Collected material: Begin

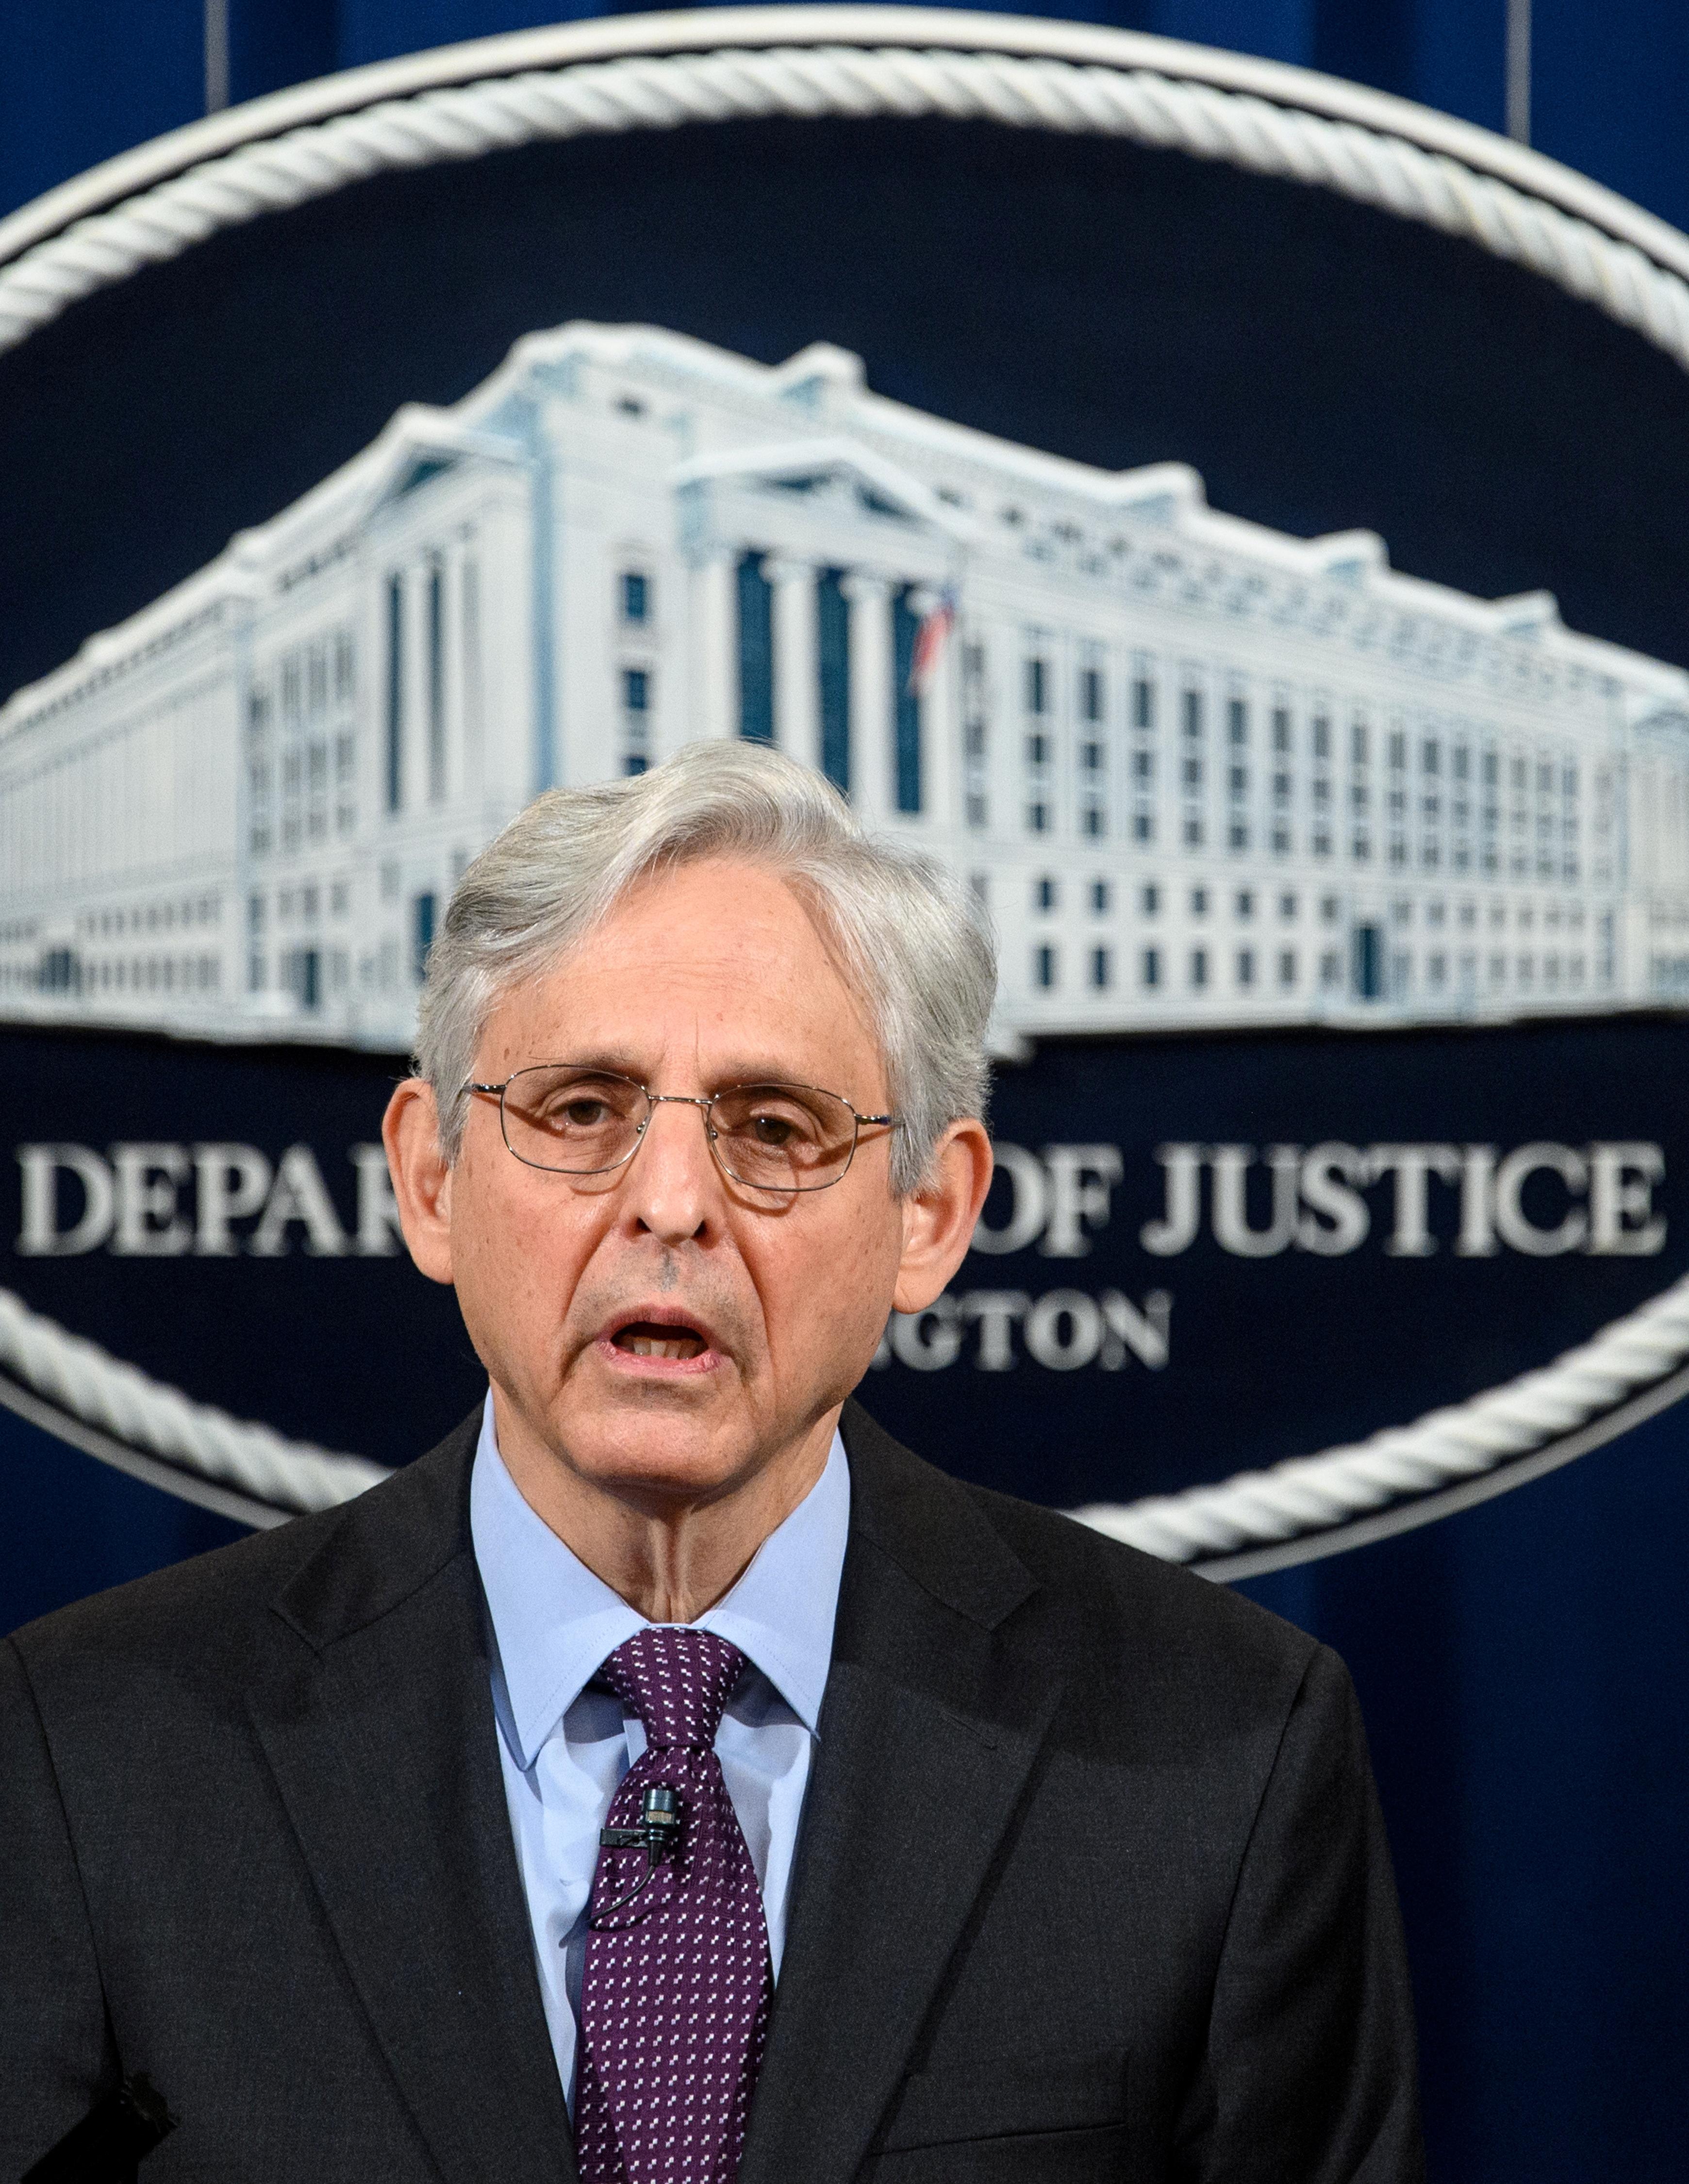 U.S. Attorney General Merrick Garland delivers a statement at the Department of Justice in Washington, U.S. April 26, 2021. Mandel Ngan/Pool via REUTERS
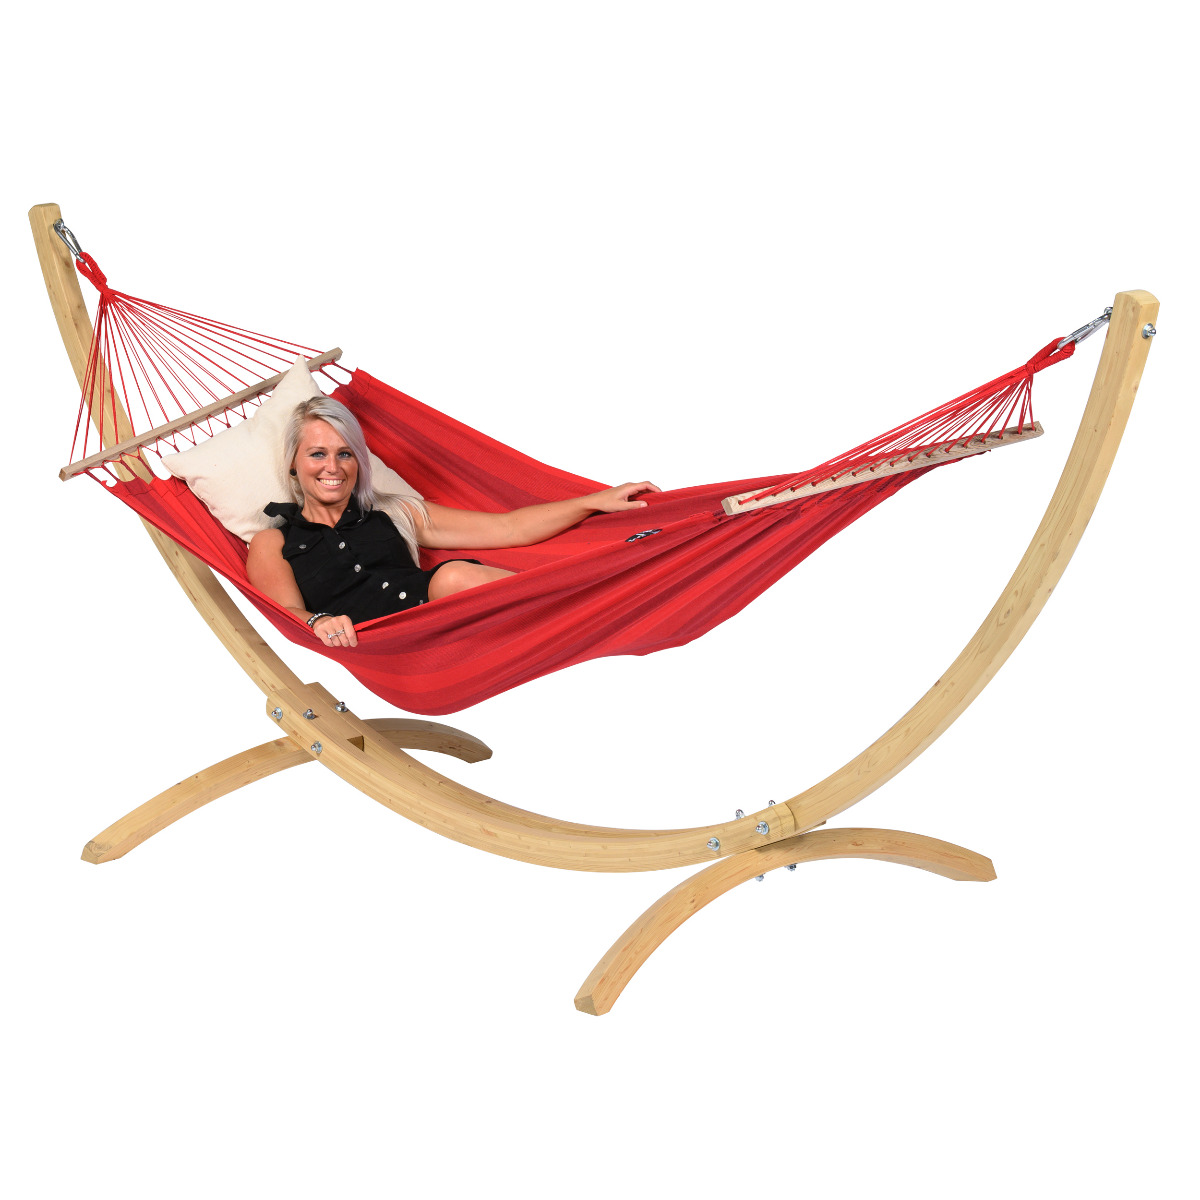 Hangmat 'Relax' Red - Tropilex �
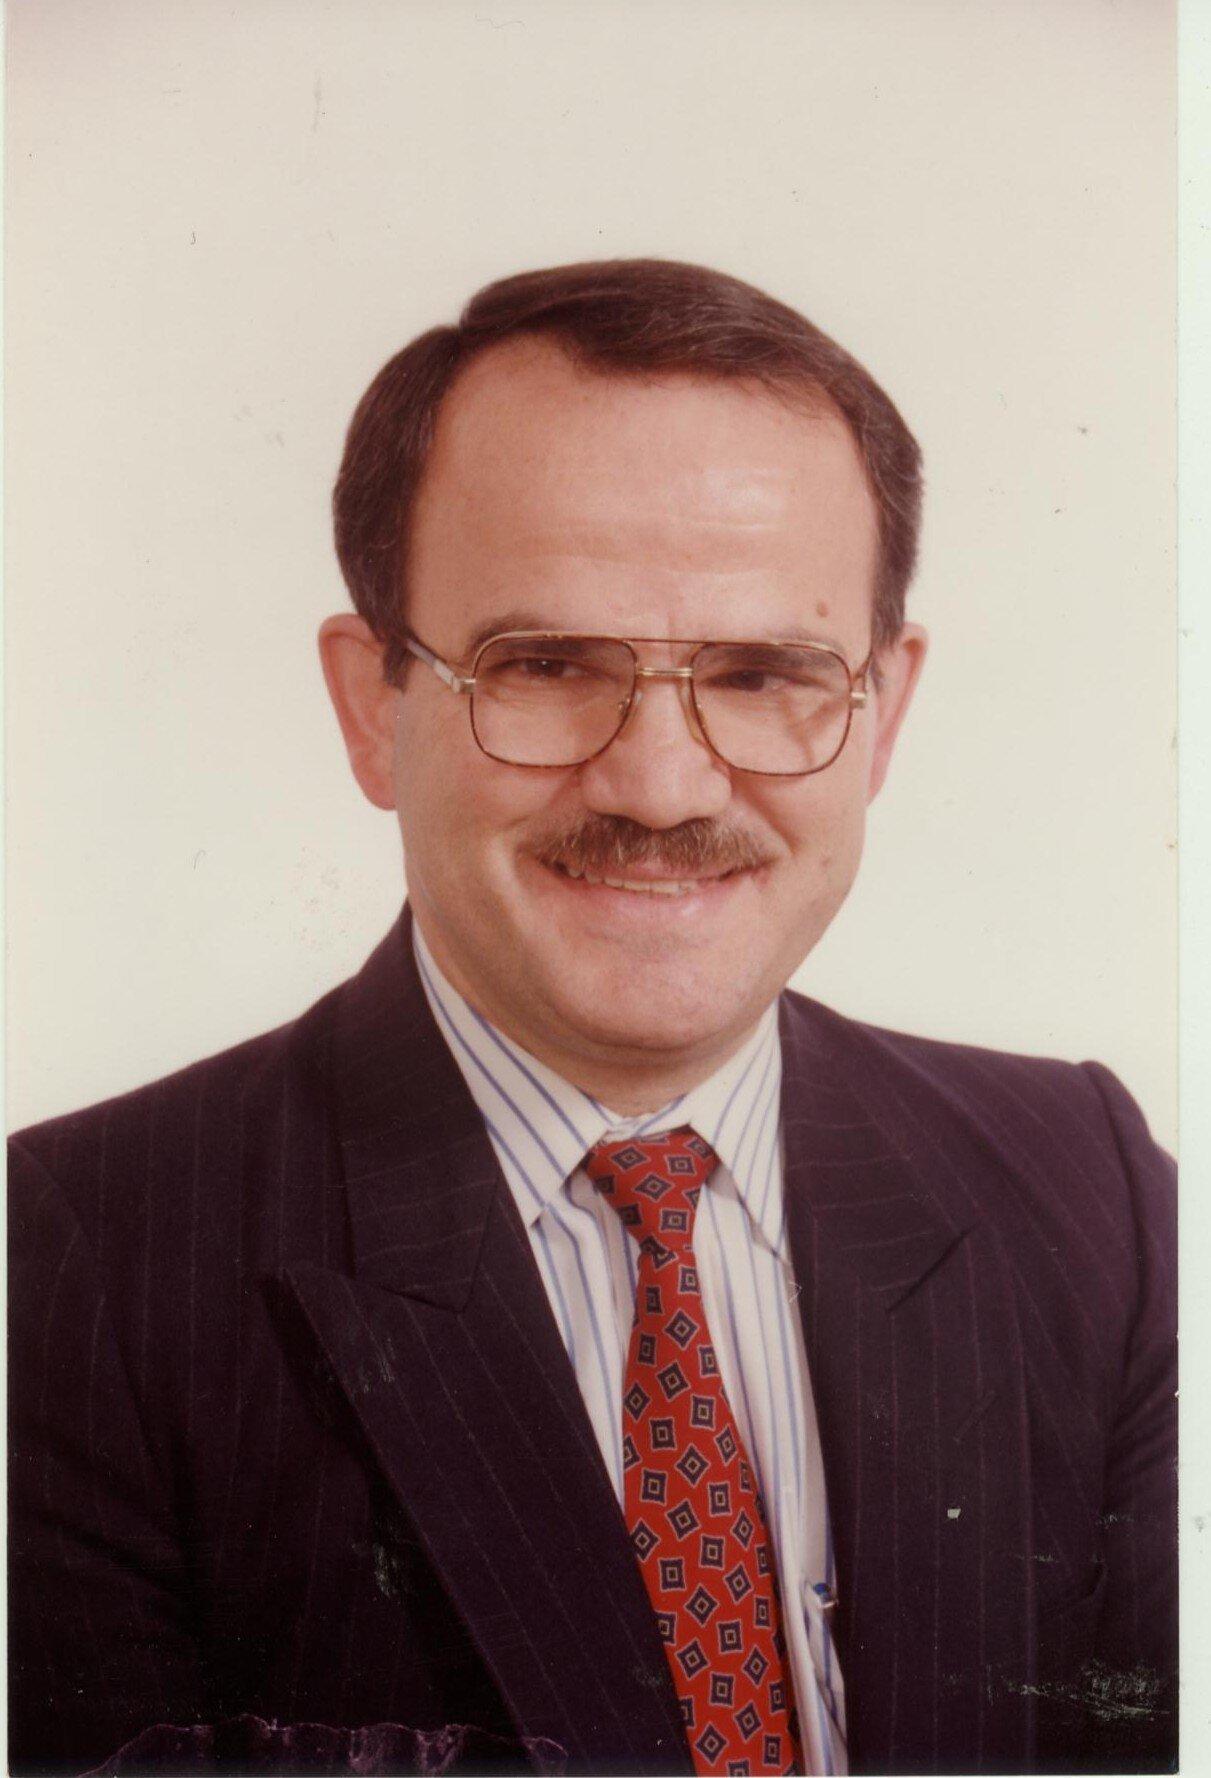 James Karas
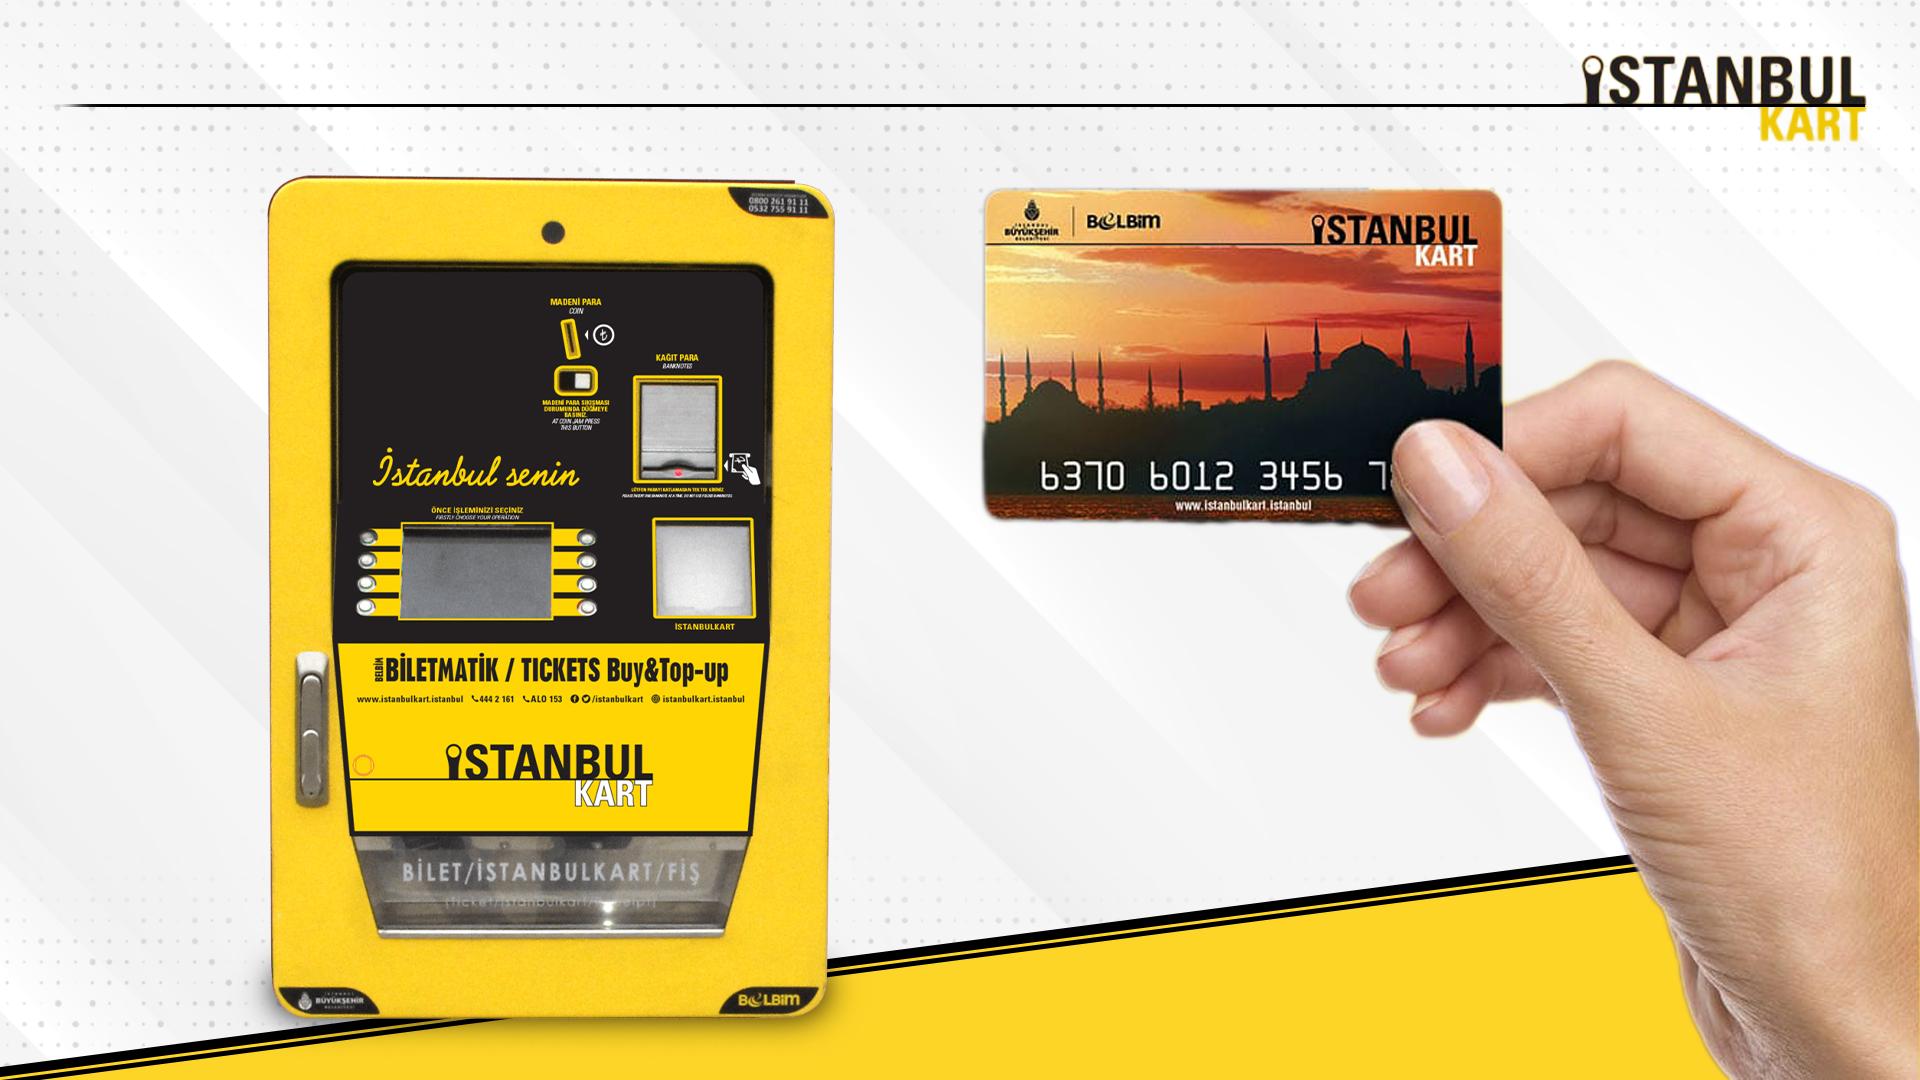 Istanbul card - كرت اسطبنول

Collected material: End

Problem statement =
Please restate the whole listing exactly, without any of its pictures.

Solution for this task =
 U.S. Attorney General Merrick Garland delivers a statement at the Department of Justice in Washington, U.S. April 26, 2021. Mandel Ngan/Pool via REUTERS
 Hangmat 'Relax' Red - Tropilex �
 James Karas
 Istanbul card - كرت اسطبنول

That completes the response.